— Task to carry out —
Repeat the records below exactly from the line containing "Rocking chair design" to the line containing "The Uncanny X-Men", taking in both of those lines. Drop the pictures.

— Data supplied —
○ ○ ○

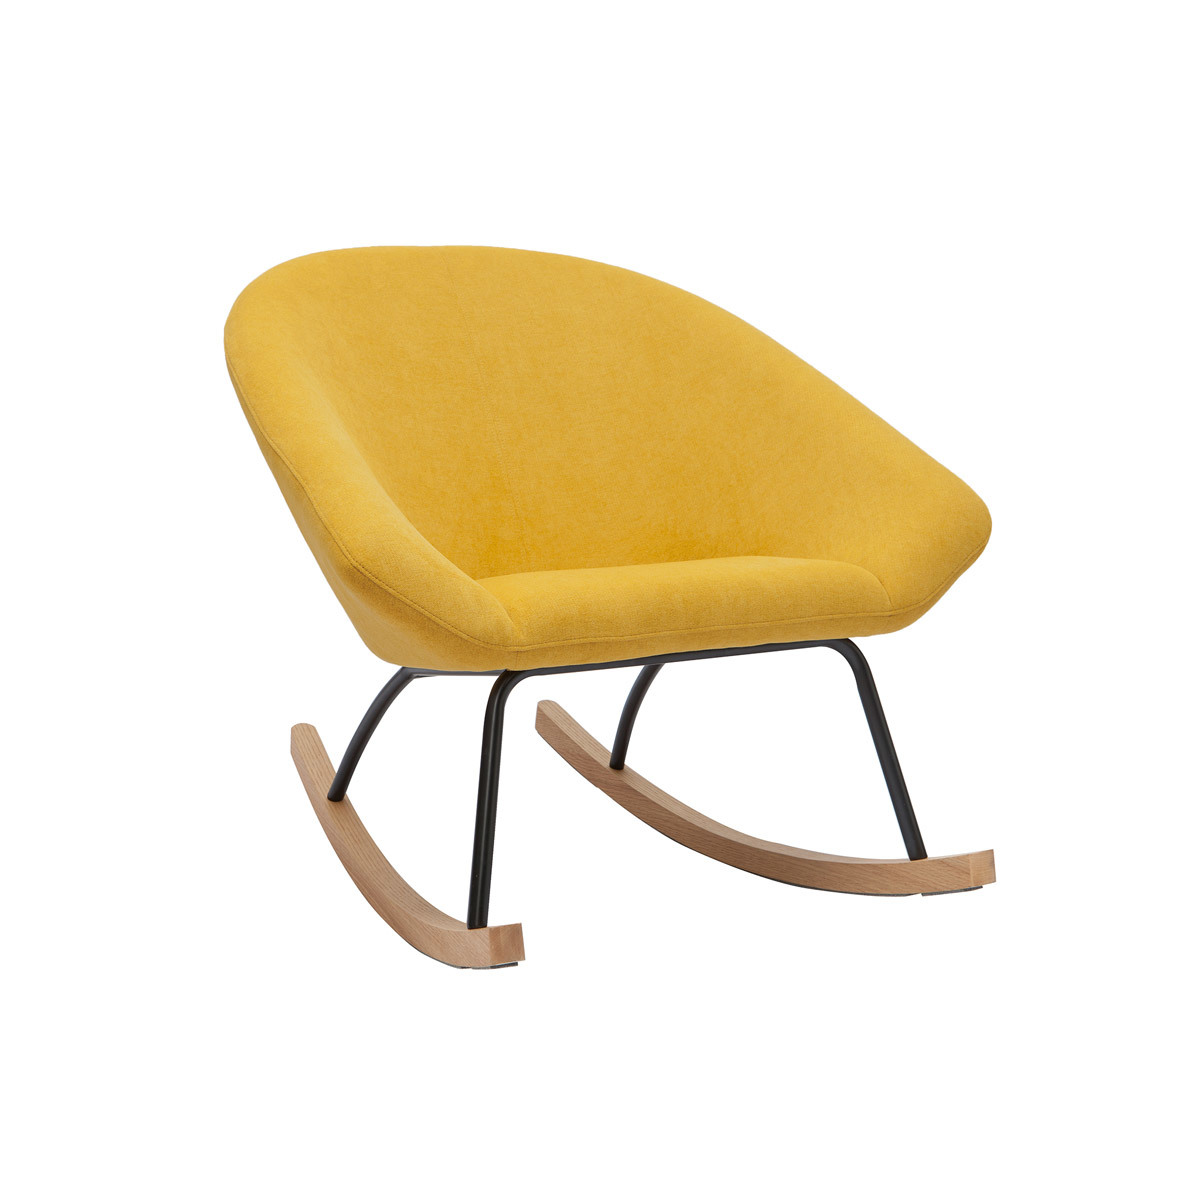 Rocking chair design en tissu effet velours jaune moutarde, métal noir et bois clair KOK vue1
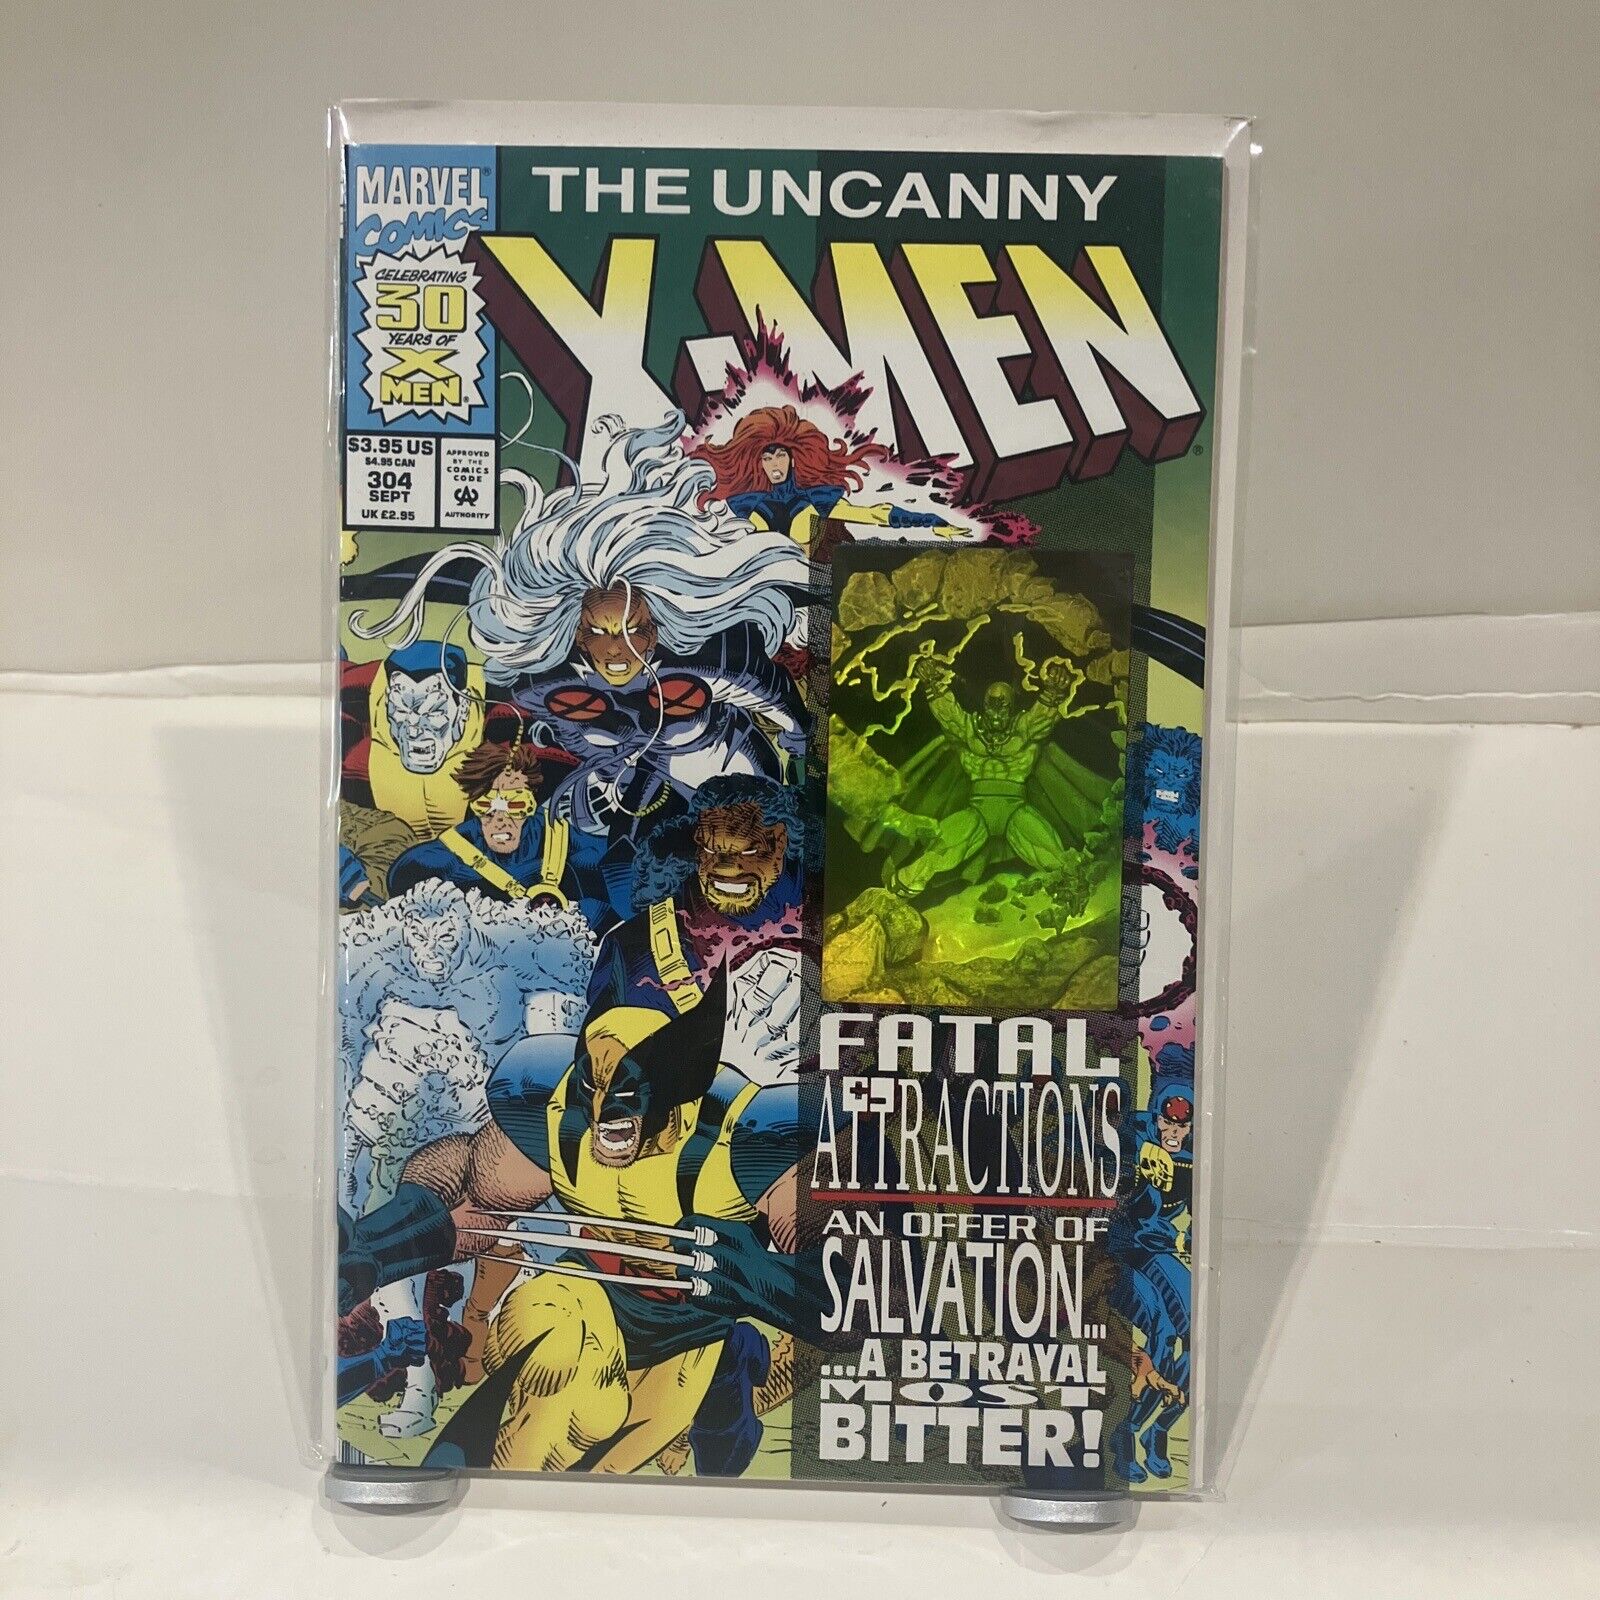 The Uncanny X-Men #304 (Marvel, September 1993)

○ ○ ○

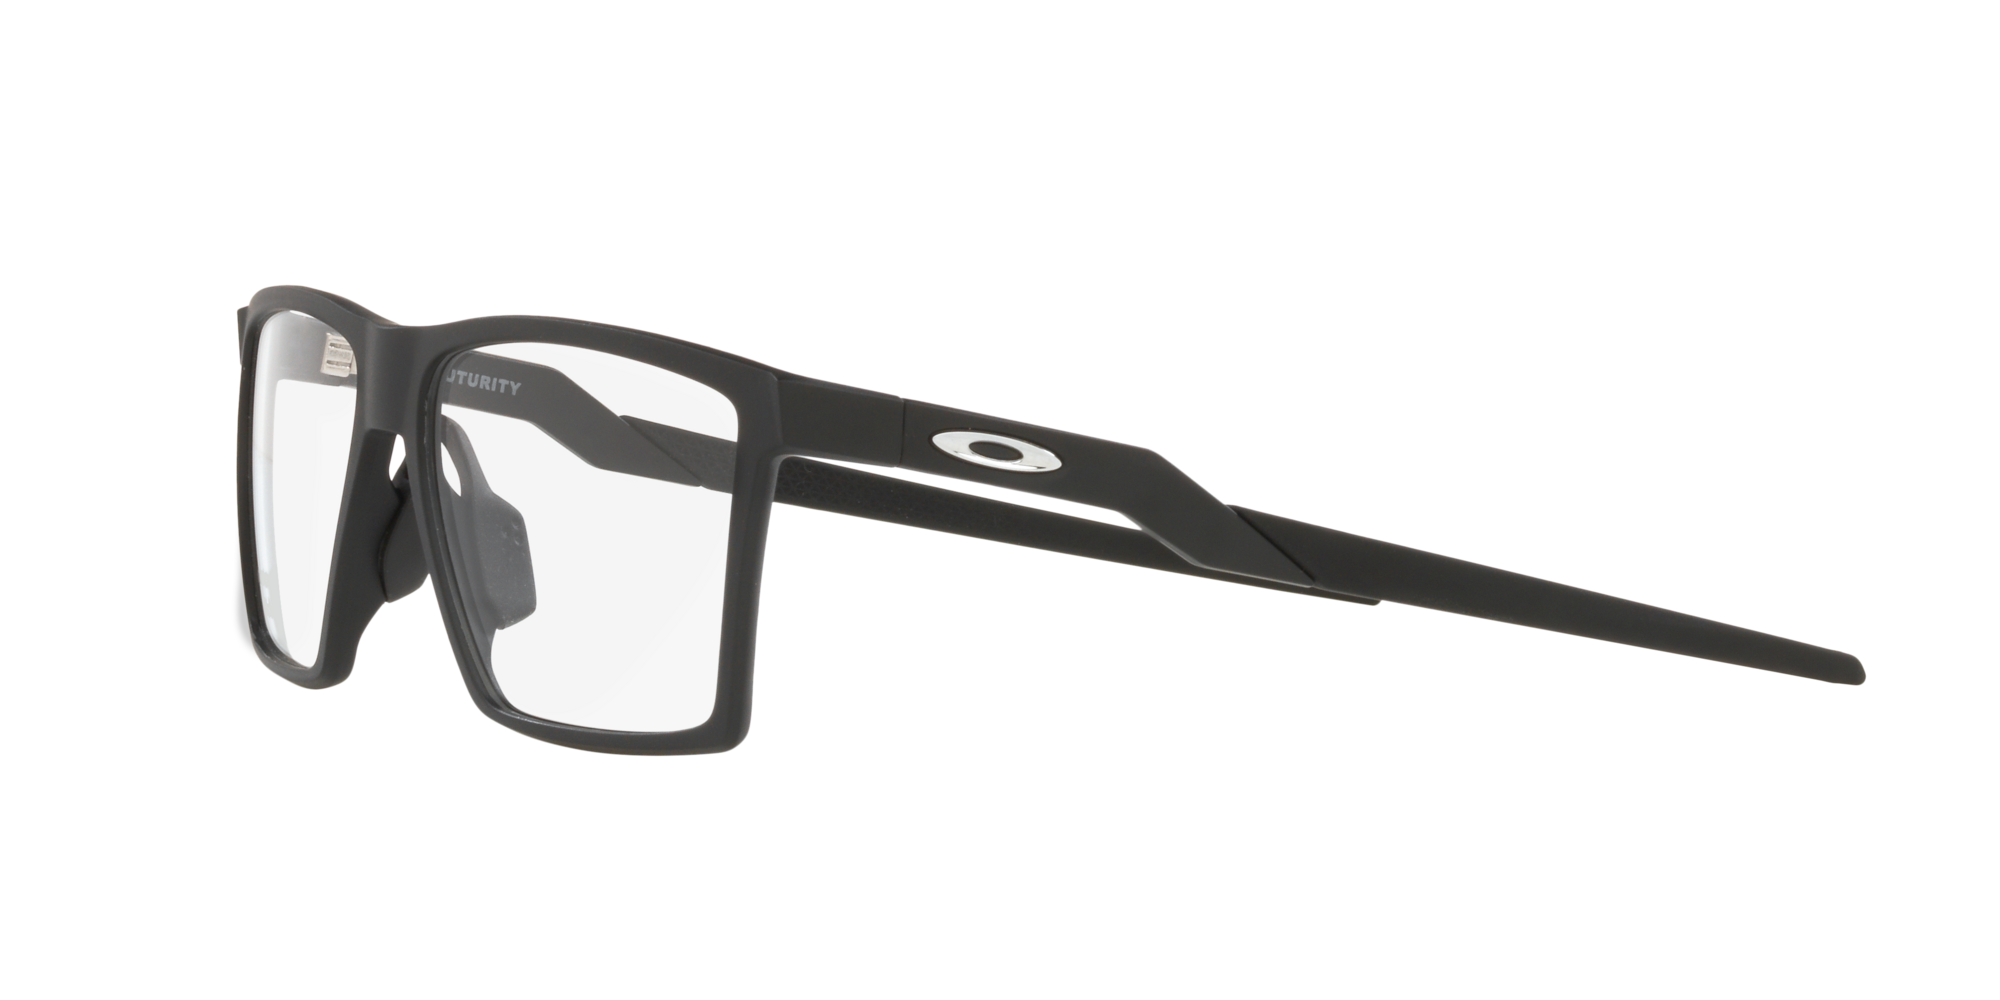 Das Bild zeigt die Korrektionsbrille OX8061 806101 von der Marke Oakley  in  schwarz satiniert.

○ ○ ○

— Answer for the task —
 Rocking chair design en tissu effet velours jaune moutarde, métal noir et bois clair KOK vue1
 The Uncanny X-Men #304 (Marvel, September 1993)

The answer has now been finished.